TASK DESCRIPTION: No pictures should appear in the copy. Reproduce exactly the lines from the one containing "The River House- Margaret Leroy" through the end of the material below.

PROVIDED DATA:
.....

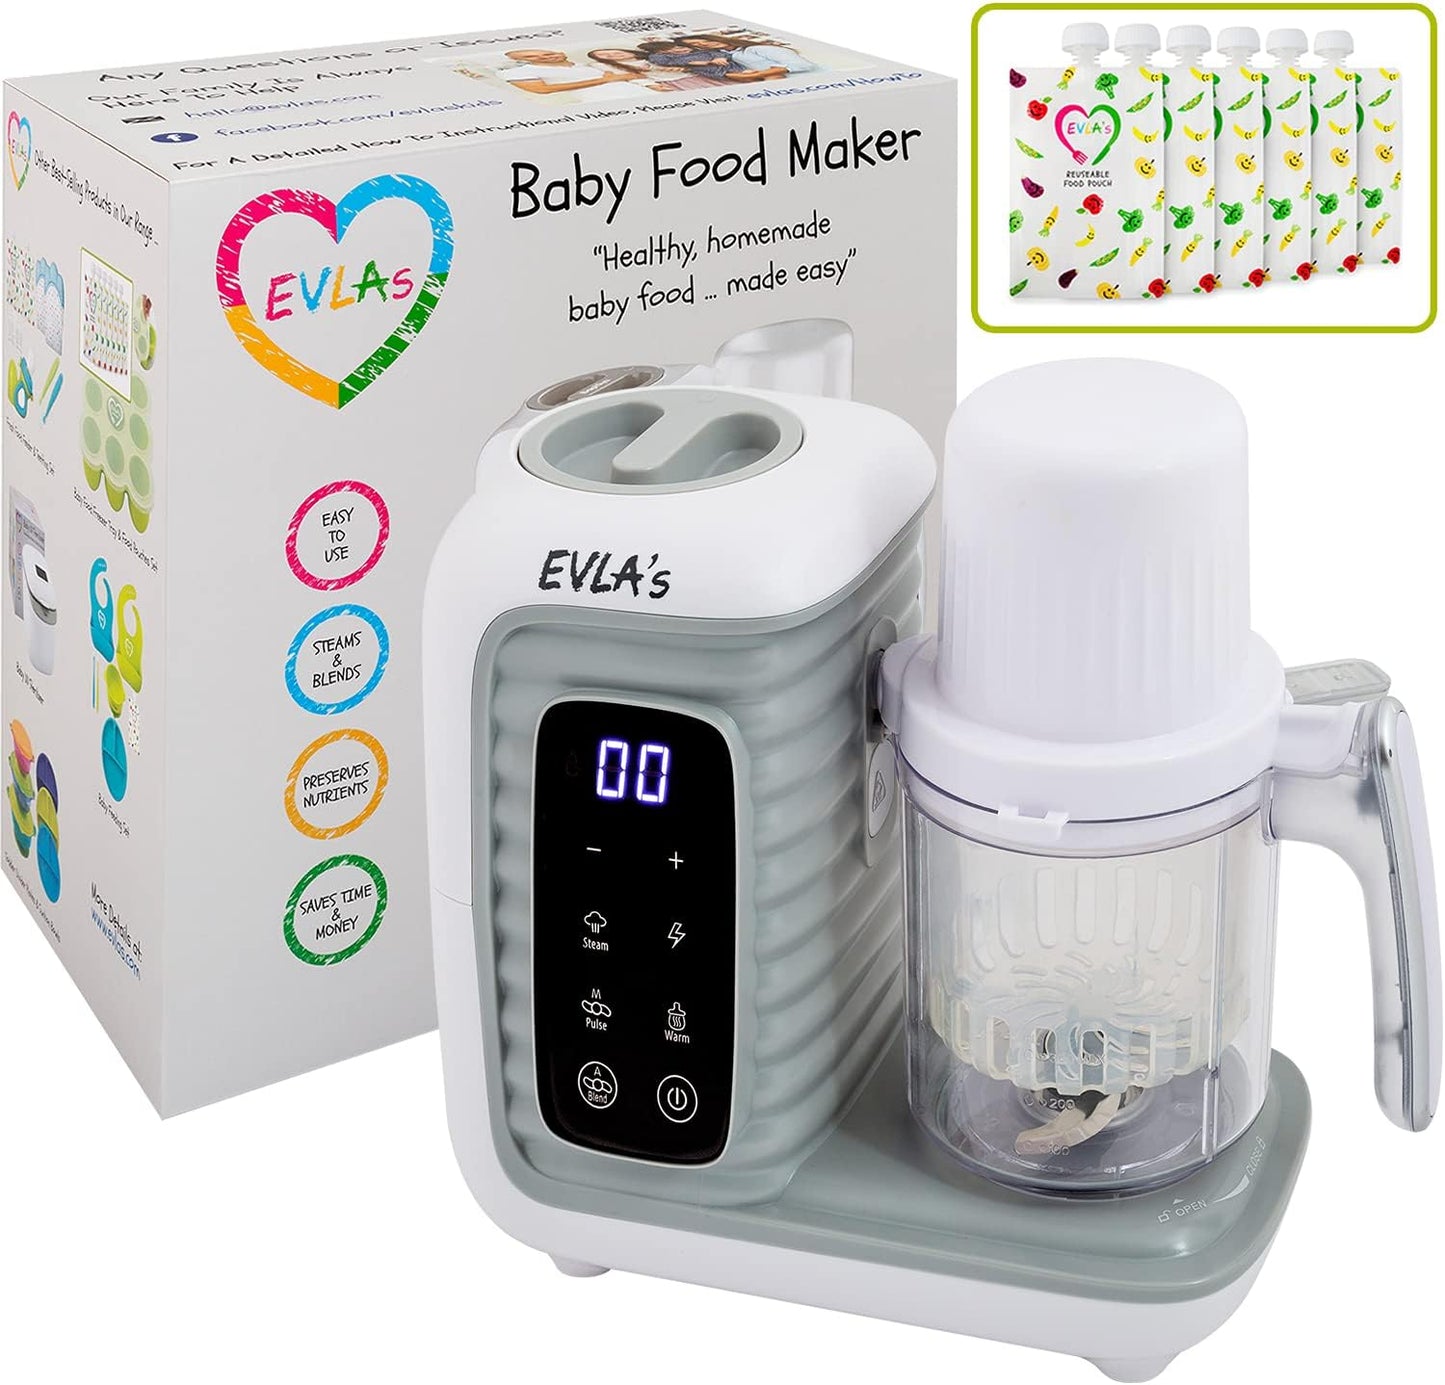 EVLA'S Baby Food Maker, Healthy Homemade Baby Food in Minutes, Steamer, Blender, Baby Food Processor, Touch Screen Control, includes 6 Reusable Food Pouches for Storage or Travel, White
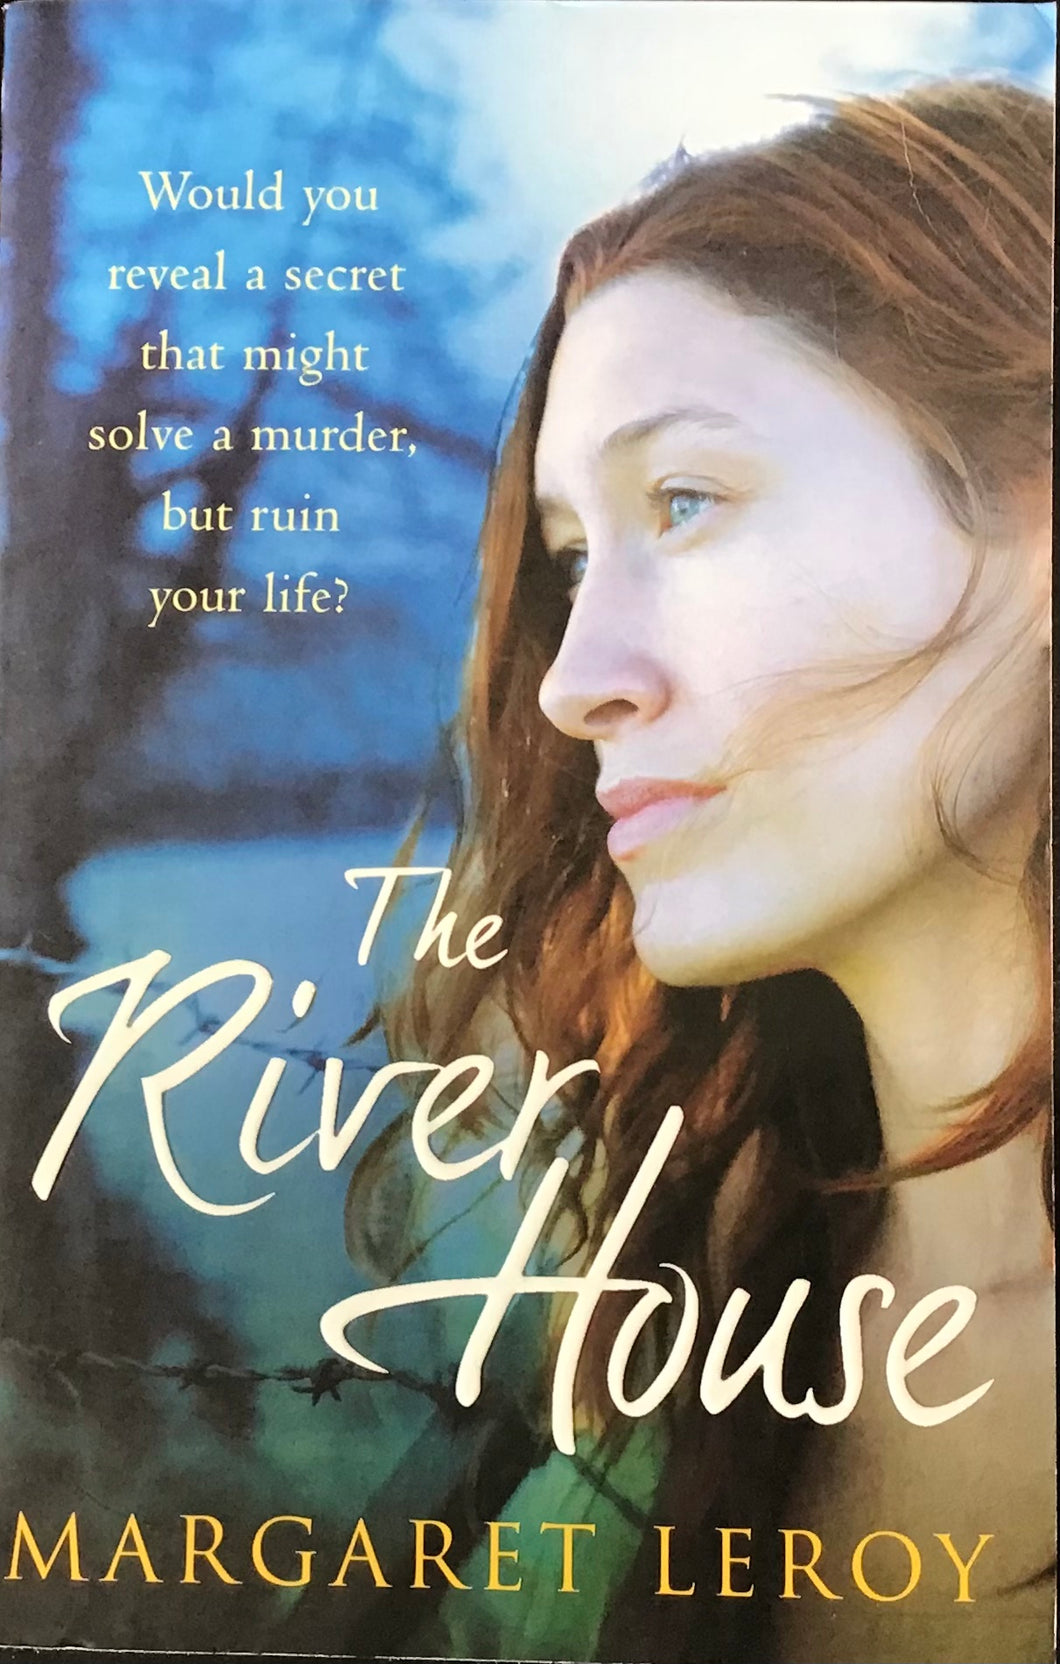 The River House- Margaret Leroy
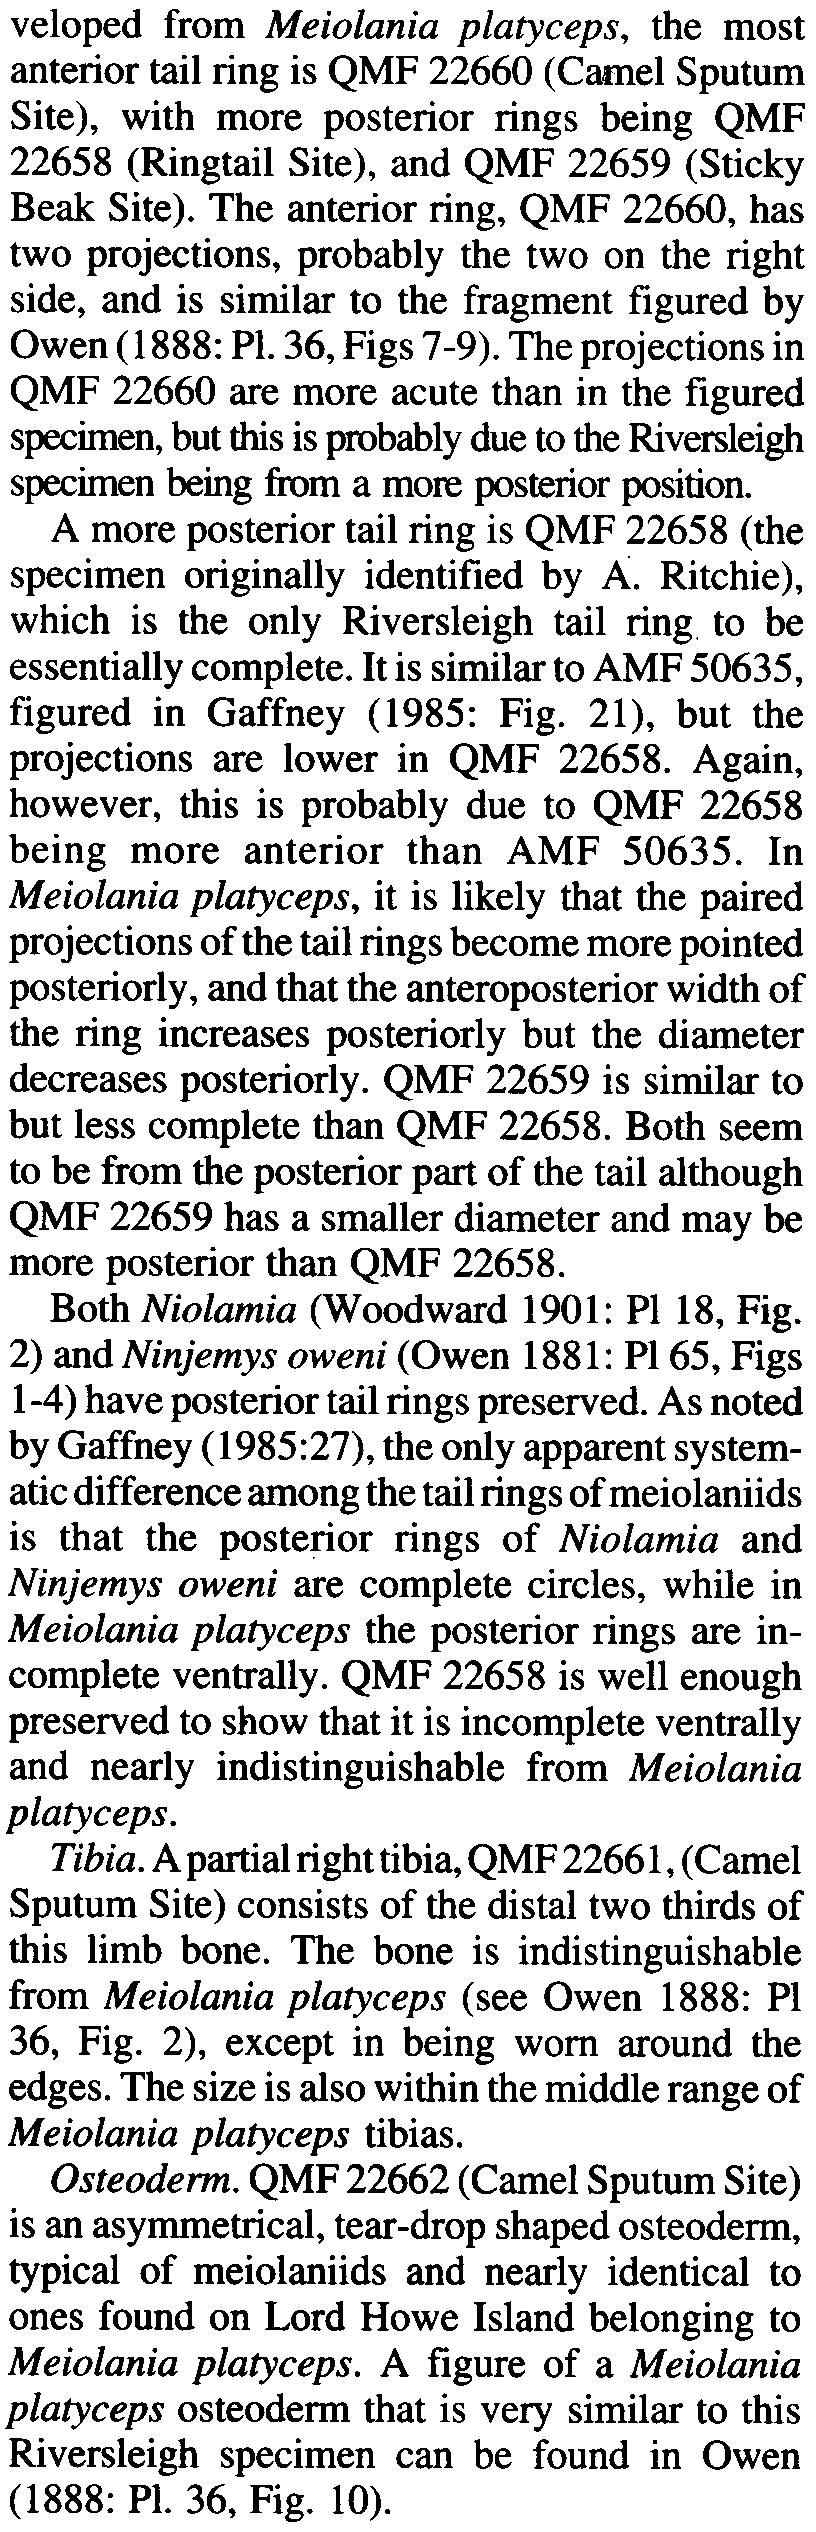 The anterior ring, QMF 22660, has two projections, probably the two on the right side, and is similar to the fragment figured by Owen (1888: PI. 36, Figs 7-9).

.....

EXERCISE OUTPUT:
 The River House- Margaret Leroy
 The anterior ring, QMF 22660, has two projections, probably the two on the right side, and is similar to the fragment figured by Owen (1888: PI. 36, Figs 7-9).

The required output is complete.